今日は、設計中の最小変形ゲッター2ver.2014の話。
現在、ジャガー・ベアー号のギミック及び構造の設計が完了し、下半身になるイーグル号に入っています。

設計時には、先日画像を公開した素体の部品配置を出来るだけ変える事なく、各部品の接続と移動方法を考えます。
ジャガーは比較的スイスイ進めてたんですが、ベアー号がまー、ホントに大変でした。
g-2_部品141114

特に腕周りの展開が大変で、ああやると他の場所にめり込む、こうやると合体時の邪魔になる、といった調子で移動手段とそれの座標設定に非常に時間がかかりました。
一番の原因は部品の移動方法を何も考えずにデザイン優先で各部の配置を考えちゃった自分な訳ですが、それだけに解決すると思いもよらないギミックが生まれて面白いです。
今どきの若い人は失敗を極端に恐れるようですが、そこを頭を使って逆転すると、普通の成功例に較べてさらに上を行く結果を得られるので、失敗はどんどんすべきだと思います。・・・タカシマ式失敗のススメ。

いや、どっちかというと、自分がそろそろ落ち着いて良いはずの歳なんですけどね、まだまだ若いモンには負けんぞ!ウぇ〜ゲホゲホゲホ・・・。

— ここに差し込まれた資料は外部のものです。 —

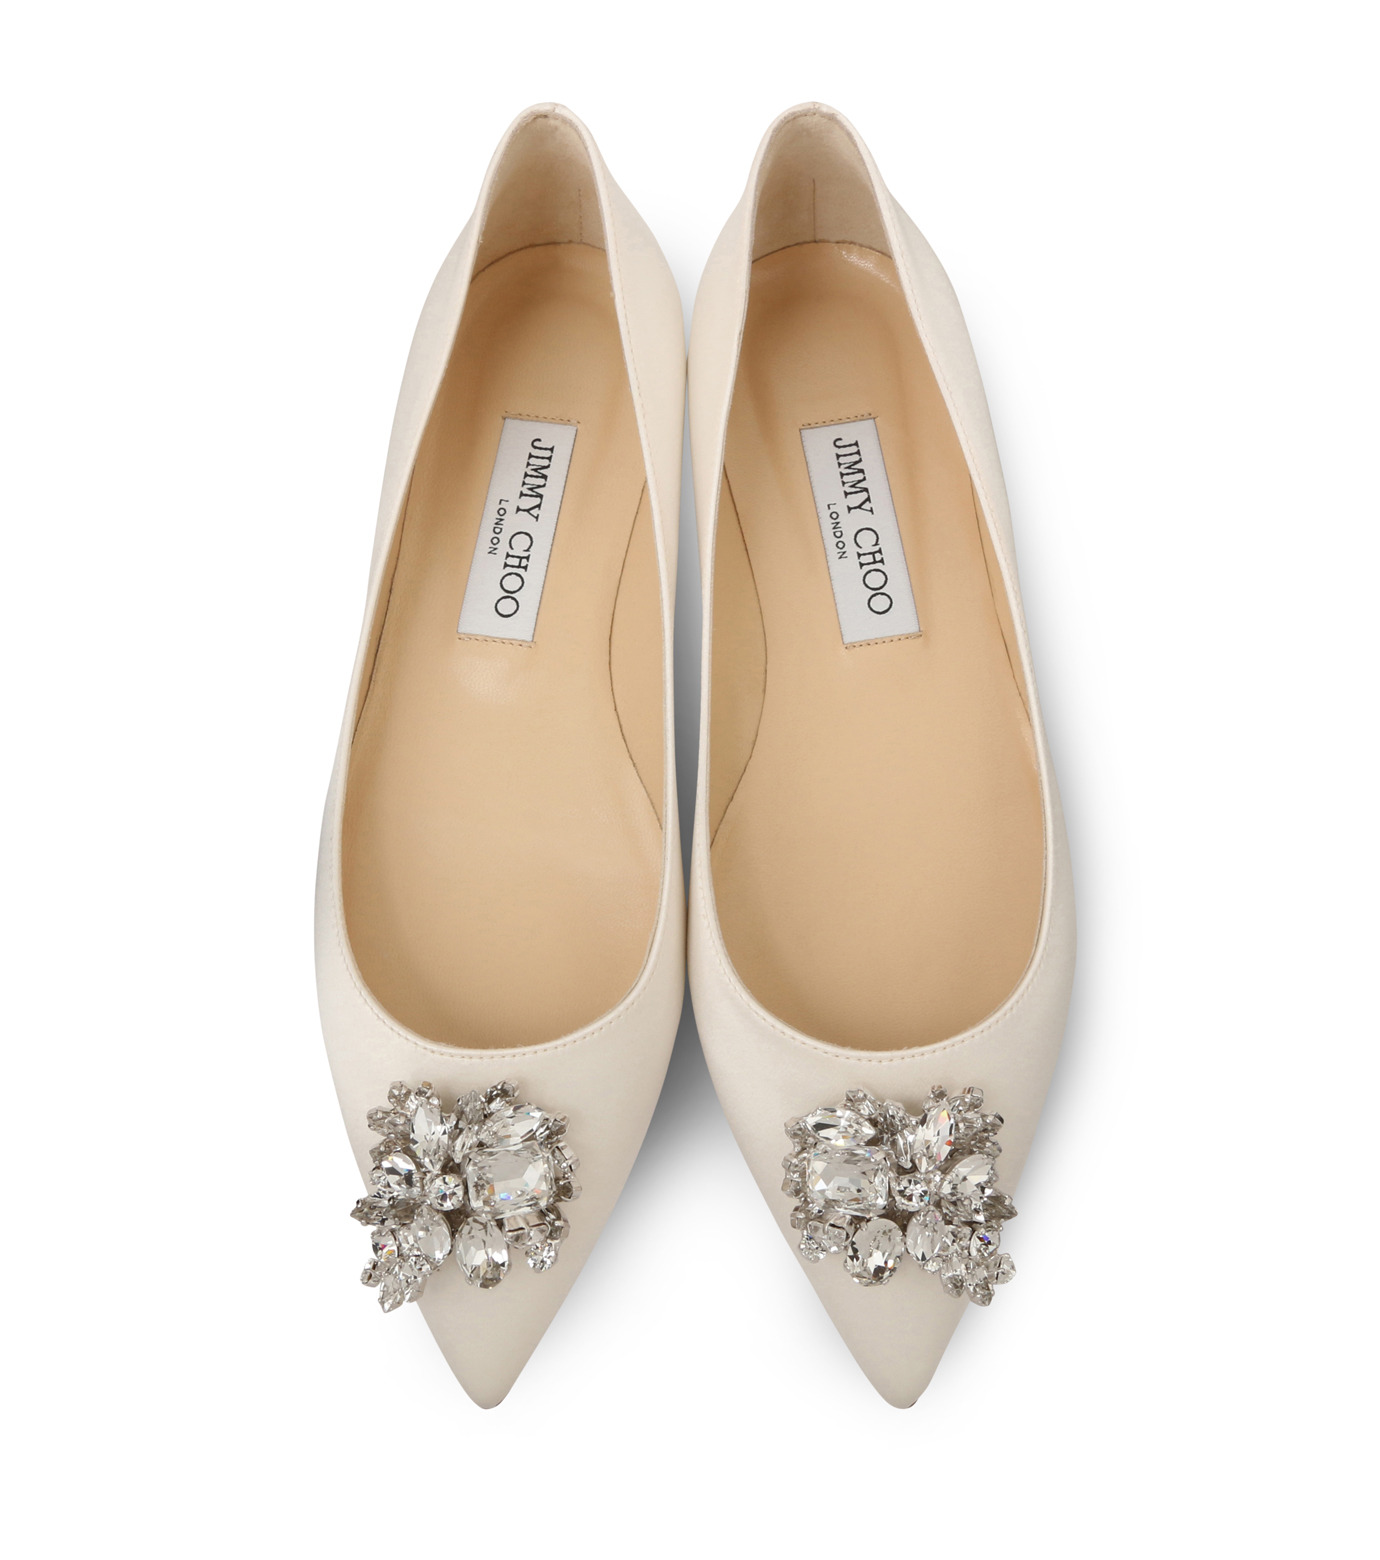 Jimmy Choo(ジミーチュウ)の010STV Satin Flat w/Crystal Brooch-WHITE(フラットシューズ/Flat shoes)-ALINA-5 拡大詳細画像4

ちょっと心配なのは、ギミックが面白くなるのは良いとして、凝った動きになると「最小変形」らしくなくなって来てしまうのではないかと。英語での規格名も「Simple Change」だしね。
まあ、細かい事は気にせず、面白いと思った方向に突き進もうと思います。

もうすぐ完成・・・のはず。乞うご期待。
今週は以上!

by 高島

©永井豪・石川賢/ダイナミック企画
※こちらの写真に使用の画像は設計中のものです。
各部品の形状等は今後、修正・変更される場合がございます。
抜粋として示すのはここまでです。